How to benchmark a new compiler?

I was creating my own optimization algorithm by myself, and this one is for some special cases that is not too common to find.

But I think I still need to benchmark my own optimizer to make sure that other cases will not be slow down.(According to phase ordering problem)

Is the project test-suite will apply to my demand?

How could I compare with the two optimizers?

I have two folders, one is old-llvm-project which is the compiler without my algorithm, and the other is new-llvm-project which contains my algorithm.

Is it correct to build test-suite twice respectively by two llvm-project and get two test-suite-build and benchmark them?

Is it correct to build test-suite twice respectively by two llvm-project and get two test-suite-build and benchmark them?


You can use llvm-test-suite/utils/ to compare the results.

I usually build the test suite using LNT.

By default, results will be output in a JSON file located in the test result directory. E.g.


You can use on two of those JSON files to diff the results.

Some of the benchmarks can be somewhat noisy, so you’ll want to account for that when you measure (e.g. run multiple times and average or something.)

So, when I re-build my own optimizer(maybe rewrite some code), I also need to re-build the test-suite, right?

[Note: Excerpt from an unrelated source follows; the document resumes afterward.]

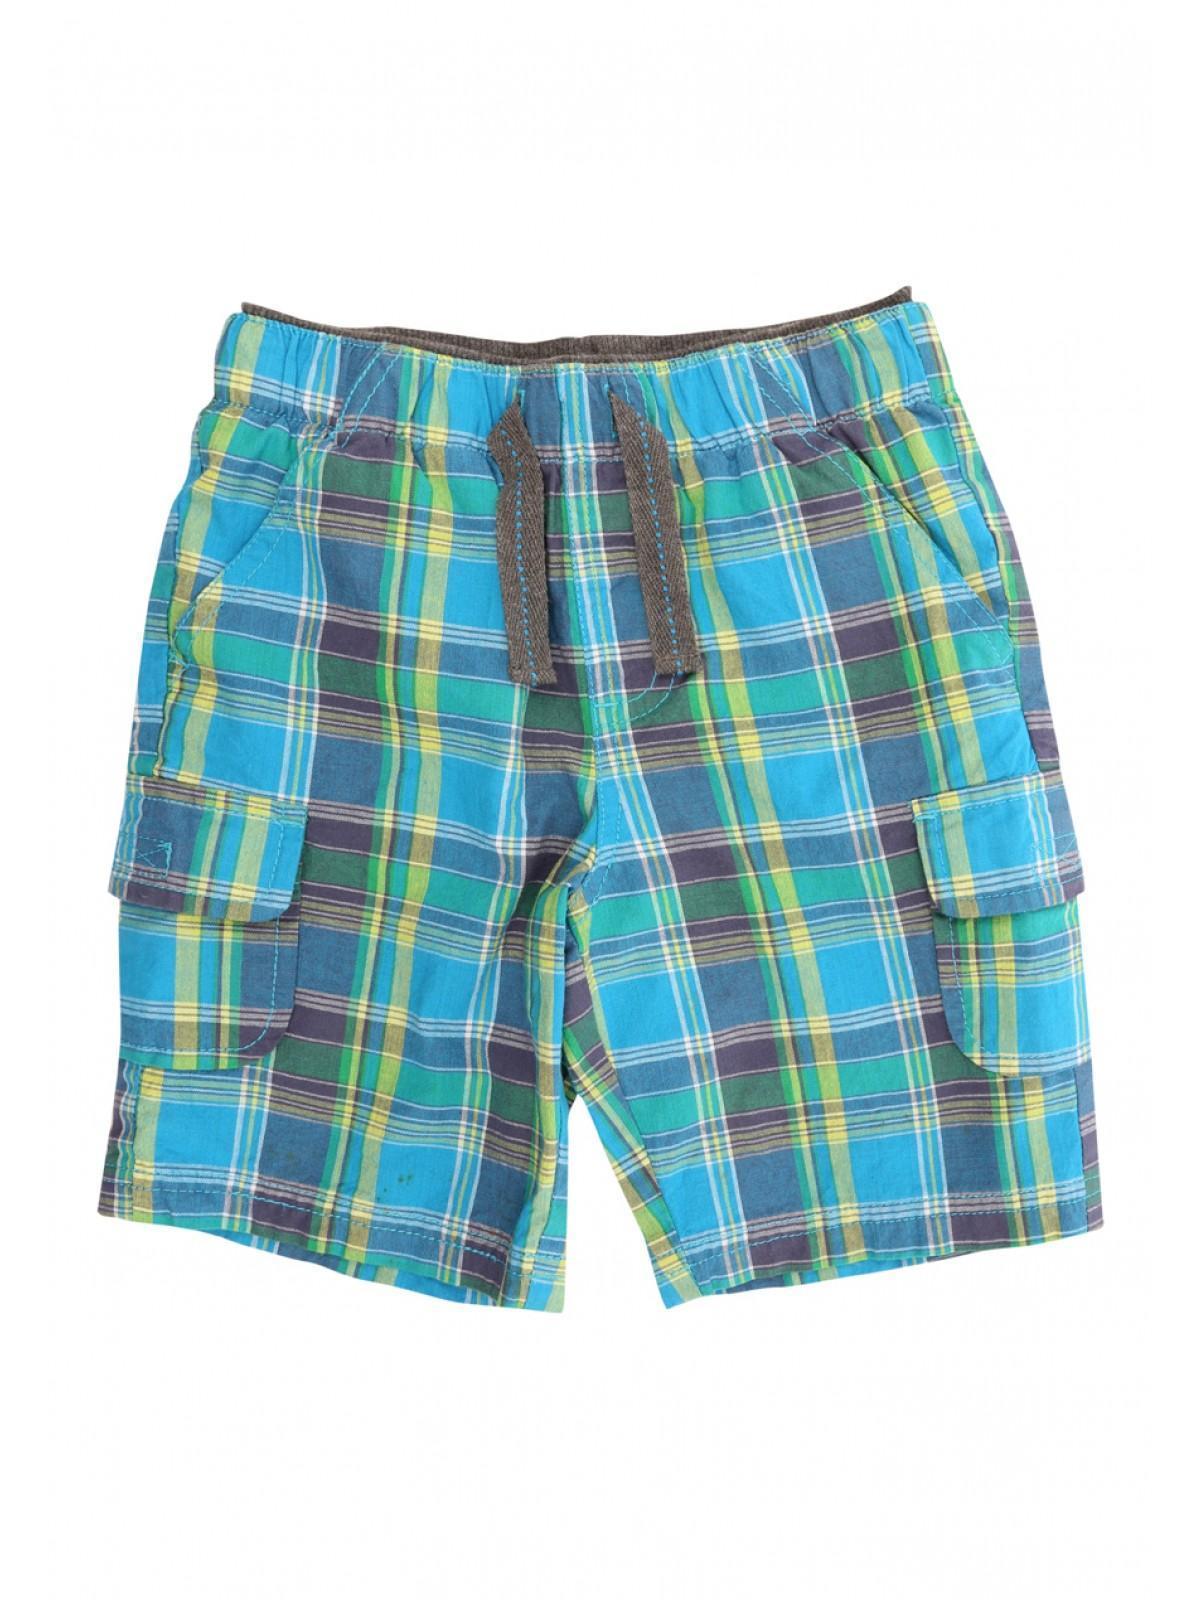 fbb64a24c7 Home; Younger Boys Check Cargo Shorts. Back. PreviousNext

If so, that will take too much time:(

And comparing two optimizer, I need to:

‘/build/bin/llvm-lit -v -j 1 -o new.josn test-suite-build-new/. ‘
‘/build/bin/llvm-lit -v -j 1 -o original.json test-suite-build-old/. ‘

Get two json files,

test-suite/utils/ original.json new.json

To compare two optimizers.

Am I right?

I will do some research on lnt. But I‘m afraid that it need sudo to install. And I can’t use this command on the computer of my school.

lnt can be installed in a virtual environment which does not require any use of sudo as far as I know.

The way I do it is I have a shell script which runs LNT, and then some functions that allow me to specify a specific test suite (e.g. the LLVM test suite, CTMark, etc).

It looks something like this:

run_lnt() {
    local build_dir=$1; shift
    local test_name=$1; shift
    local flags=$1; shift
    local extra_flags=$1;
    local test_sandbox=${SANDBOX}/${test_name}

    $SANDBOX/bin/lnt runtest test-suite \
    --sandbox ${test_sandbox} \
    --cc ${build_dir}/bin/clang \
    --cxx ${build_dir}/bin/clang++ \
    --test-suite /path/to/testsuite \
    --cflags "${flags}" \
    --cxxflags "${flags}" \
    --cmake-cache /path/to/cmake/cache/if/you/want \ # can be used for targets, optimization flags, etc...
    --build-threads 10 \ # build with a lot of threads
    --threads 1 \ # only use one thread to execute the tests
    --cmake-define TEST_SUITE_REMOTE_HOST=${DEVICE} \ # running tests on a separate device
    --benchmarking-only \

run_test_suite() {
    local compiler=$1 # Path to compiler to use
    local test_suffix=$2 # Name for directory in the sandbox, e.g. test-suite-O3
    local lnt_flags=$3 # Allow for changes in LNT settings
    local compiler_flags=$4 # C/C++ flags
    run_lnt ${compiler} test-suite-${test_suffix} "${compiler_flags}" "${lnt_flags}"

run_test_suite ${PATH_TO_BUILD} Os "" "-Os"
run_test_suite ${PATH_TO_BUILD} O3 "" "-O3"

This will put results in sandbox/test-suite-Os and sandbox/test-suite-O3 respectively. Results are put in a subdirectory with a timestamp.

The timestamp subdirectory will contain a JSON file named something like “output.json”. It will contain data like this for every benchmark:

      "code": "PASS",
      "elapsed": 2.7198410034179688,
      "metrics": {
        "compile_time": 143.48569999999998,
        "exec_time": 2.0744,
        "hash": "df833c8a74e6d0db9420d6f475c0d933",
        "link_time": 0.1073,
        "size": 412304,
        "size.__bss": 608,
        "size.__common": 8,
        "size.__const": 3040,
        "size.__cstring": 17388,
        "size.__data": 2107,
        "size.__got": 488,
        "size.__stubs": 672,
        "size.__text": 282480,
        "size.__unwind_info": 2260
      "name": "test-suite :: WhateverTheTestWas",

The script can be used to compare any of the metrics in the file. E.g. exec_time, size.__text, etc.

Thanks for your reply! I studied this tool these days.

I’m using the UI which provided by lnt to compare two compilers.
lnt runserver /myperf

I compare two compiler and only got two result of Performance Improvements – execution_time

Is that means the performances of execution time of other benchmarks (about 300 cases) are tied?